WHAT YOU WILL DO ▸
The output must contain exactly the lines from the top of the listing below through the line containing "七星(Mevius) 冰薄荷爆珠 1Mg 美国现货2-3天寄送 美国 澳洲 加拿大 英国", and no pictures.

DATASET EXTRACT ▸
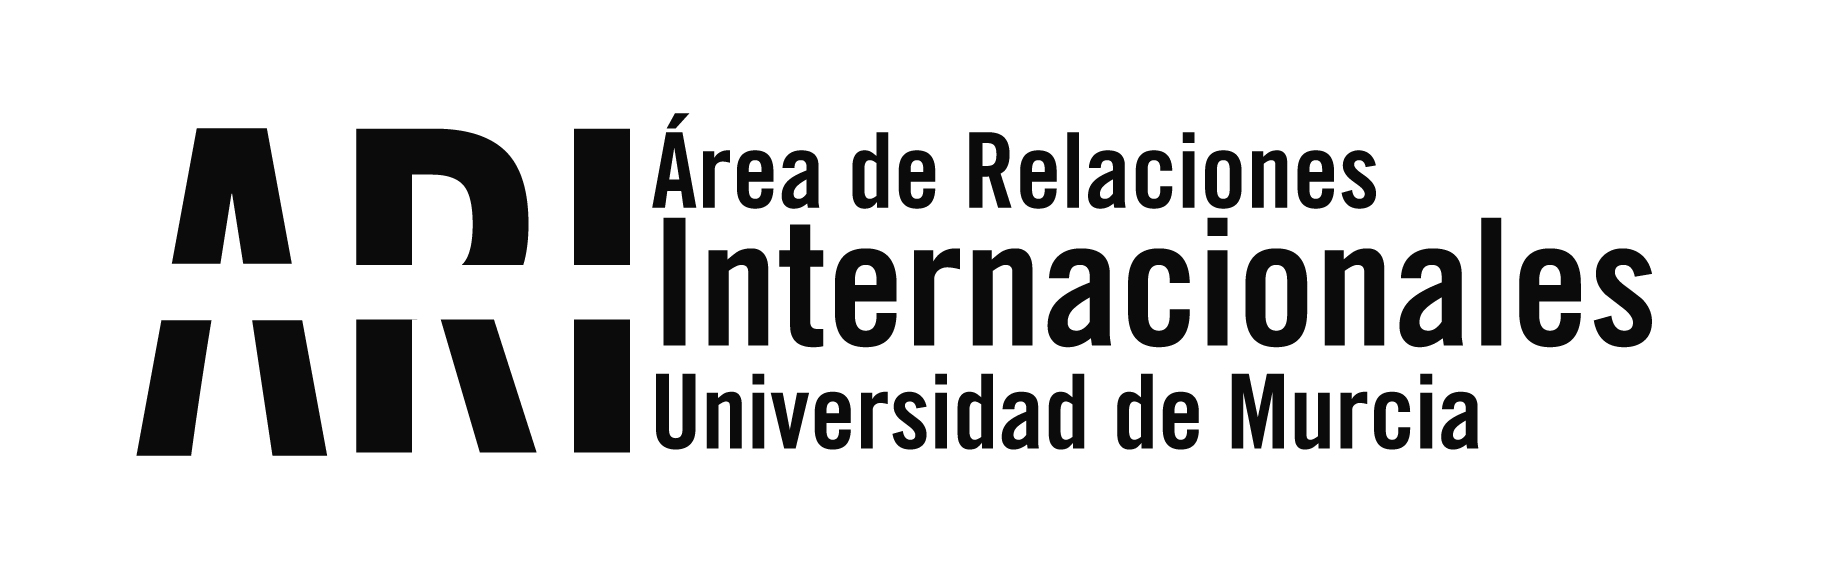 Estructura y directorio - Área de Relaciones Internacionales
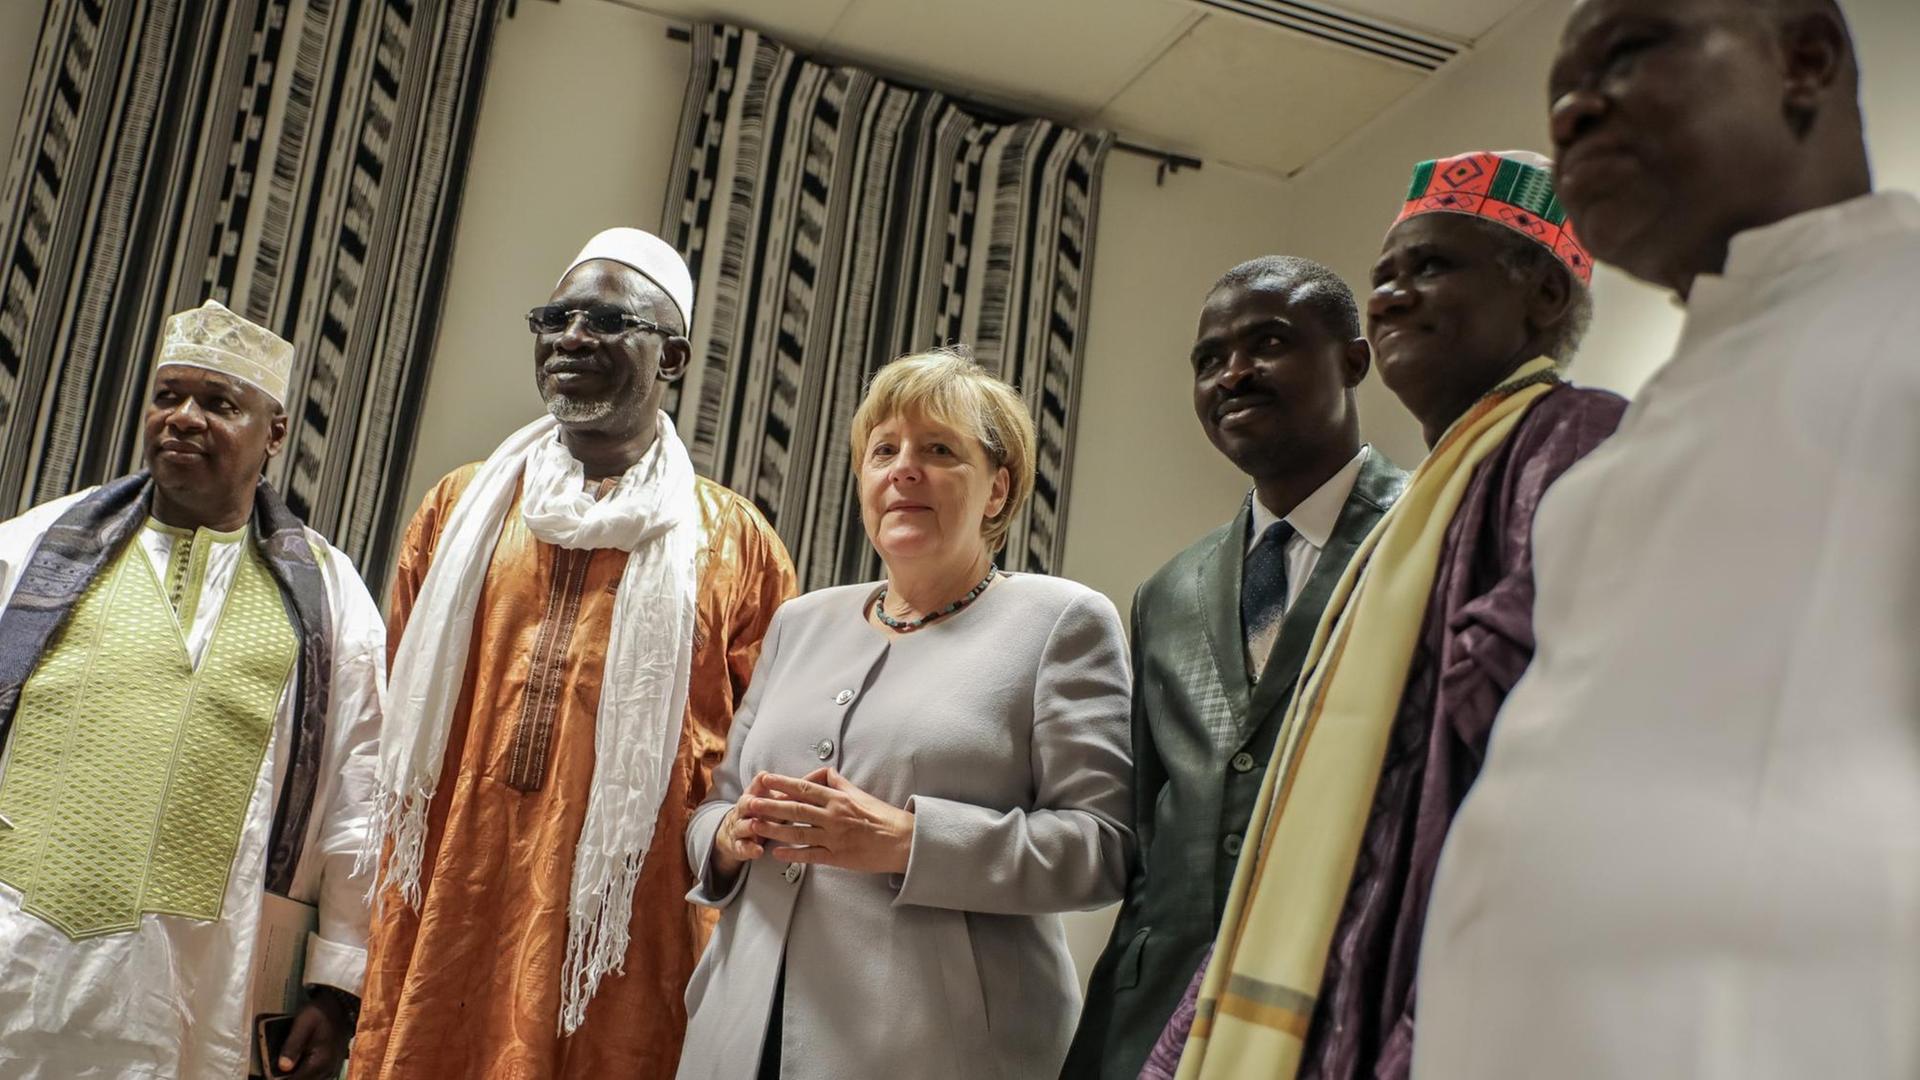 Bundeskanzlerin Angela Merkel (CDU) steht in Bamako in Mali nach einem Gespräch zwischen Vertretern verschiedener religiöser Gruppen in Mali.
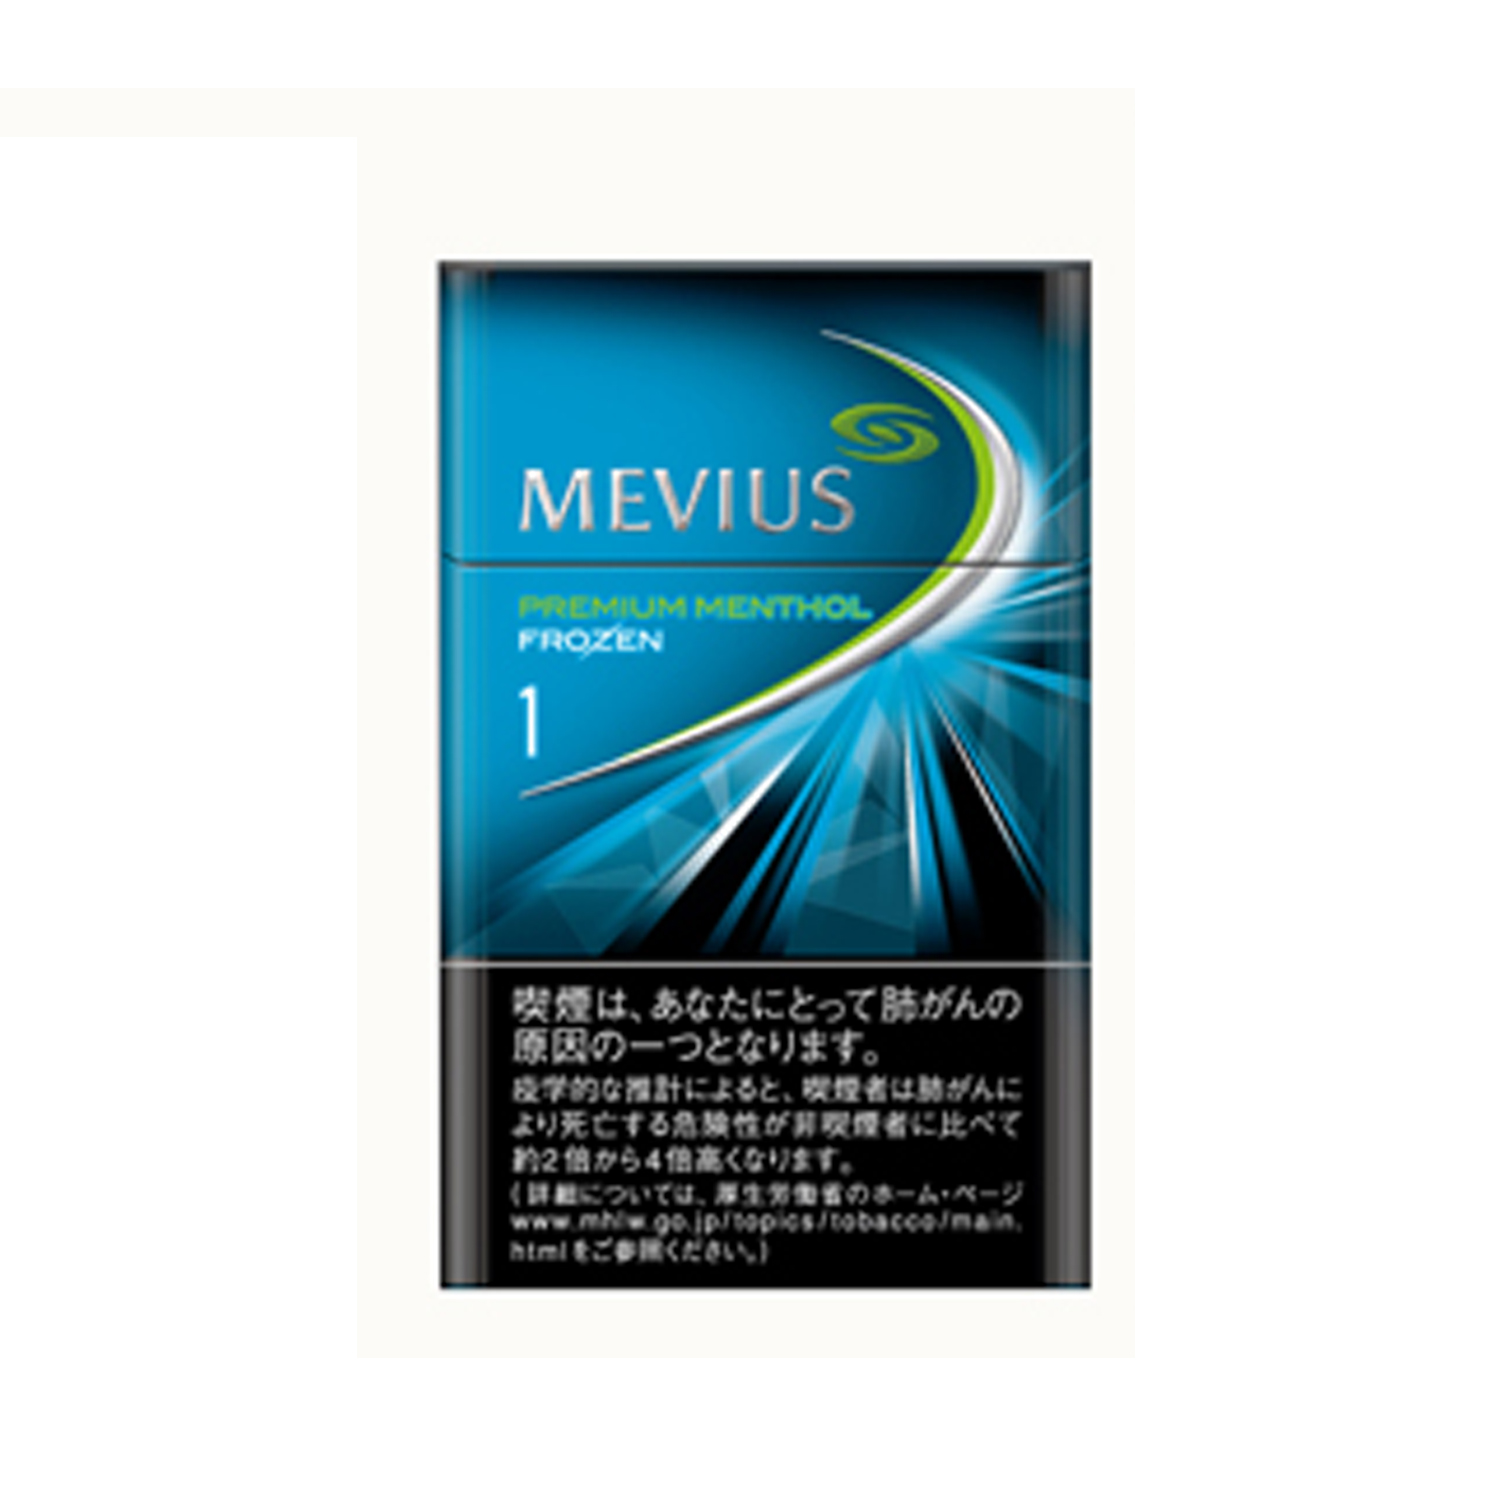 七星(Mevius) 冰薄荷爆珠 1Mg 美国现货2-3天寄送 美国 澳洲 加拿大 英国
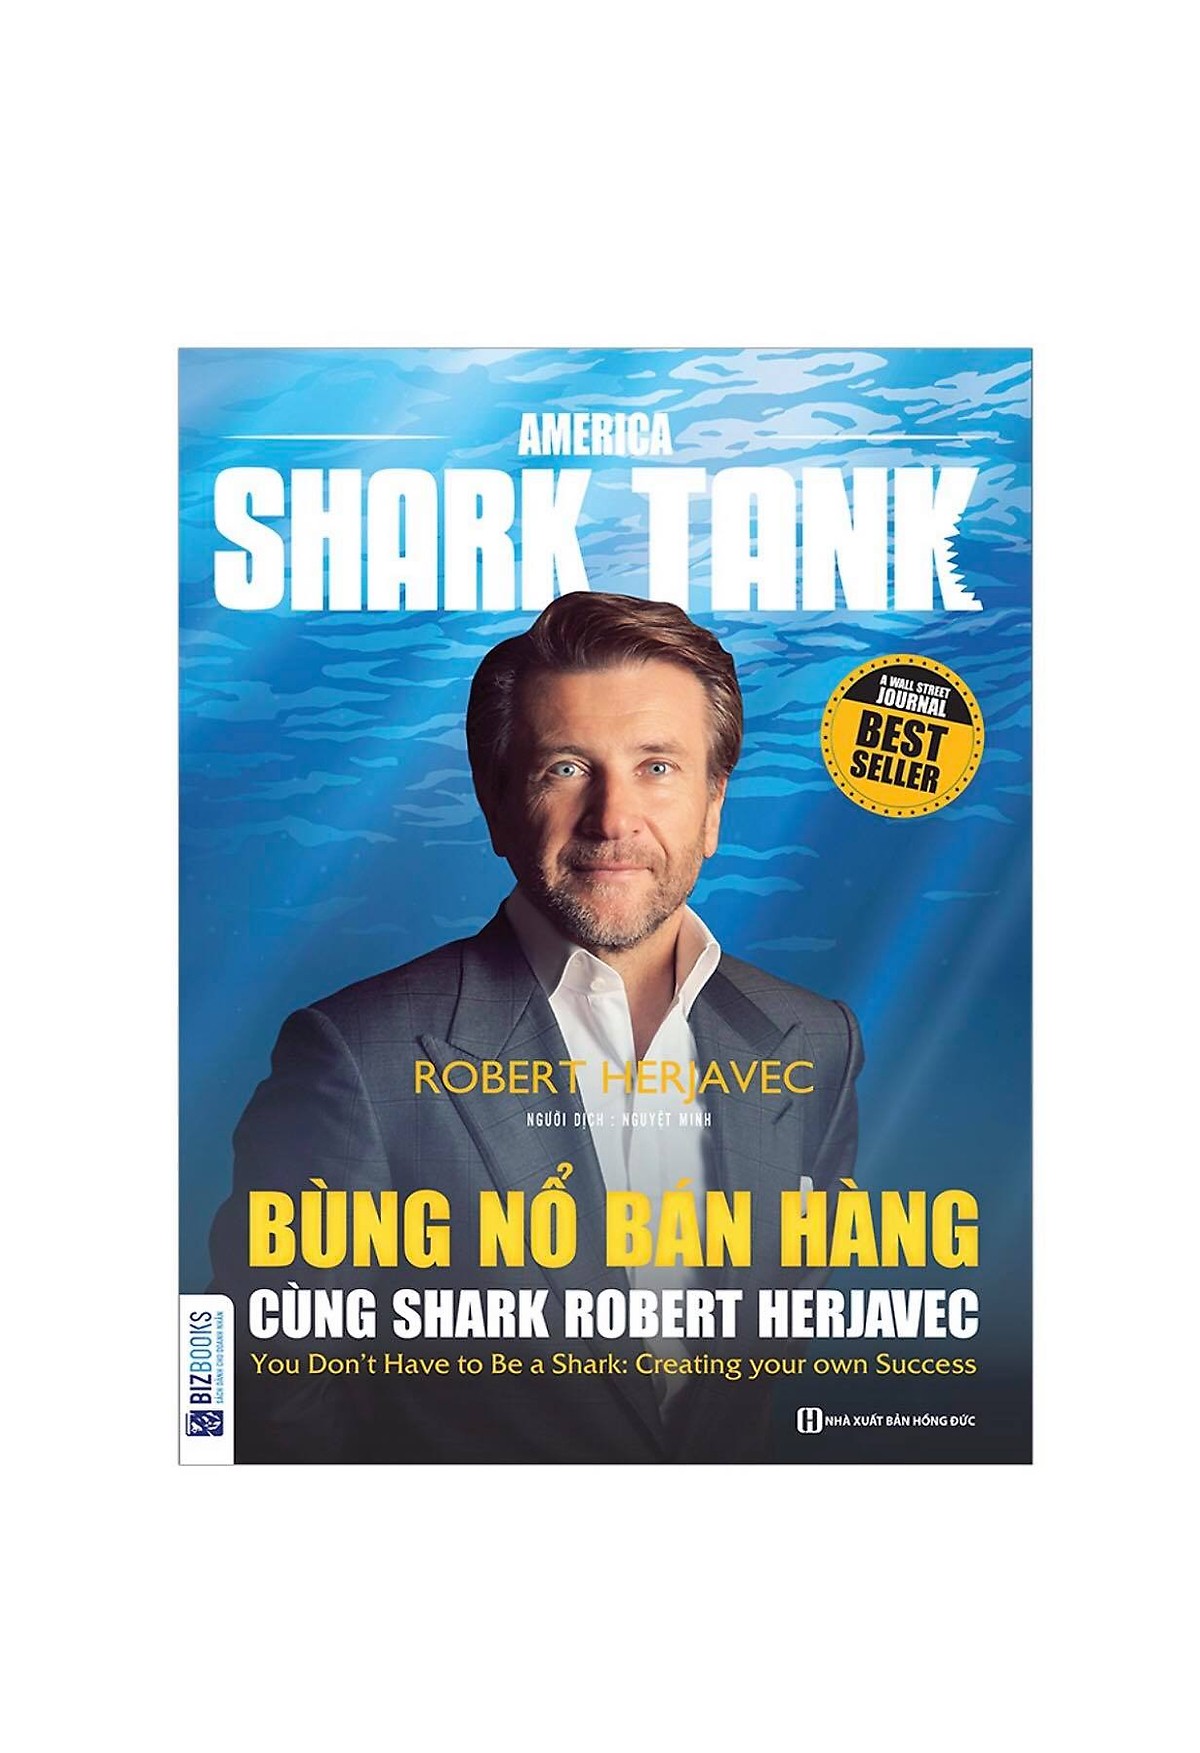 Combo Trọn Bộ 6 Cuốn America Shark Tank ( Bùng Nổ Bán Hàng Cùng Shark Robert Herjavec , Cách Biến 1.000 USD Thành Doanh Nghiệp Tỷ Đô Của Shark Barbara Corcoran , Cách Biến Ý Tưởng Triệu Đô Thành Hiện Thực Của Shark Lori Greiner , Rèn Luyện Ý Chí Chiến Thắng Cùng Shark Robert Herjavec , Thành Công Trong Kinh Doanh Và Cuộc Sống Cùng Shark Robert Herjavec , Bí Quyết Kinh Doanh Của Shark Mark Cuban Tặng kèm Cuốn ngôn ngữ cơ thể

YOUR SOLUTION ▸
 Estructura y directorio - Área de Relaciones Internacionales
 Bundeskanzlerin Angela Merkel (CDU) steht in Bamako in Mali nach einem Gespräch zwischen Vertretern verschiedener religiöser Gruppen in Mali.
 七星(Mevius) 冰薄荷爆珠 1Mg 美国现货2-3天寄送 美国 澳洲 加拿大 英国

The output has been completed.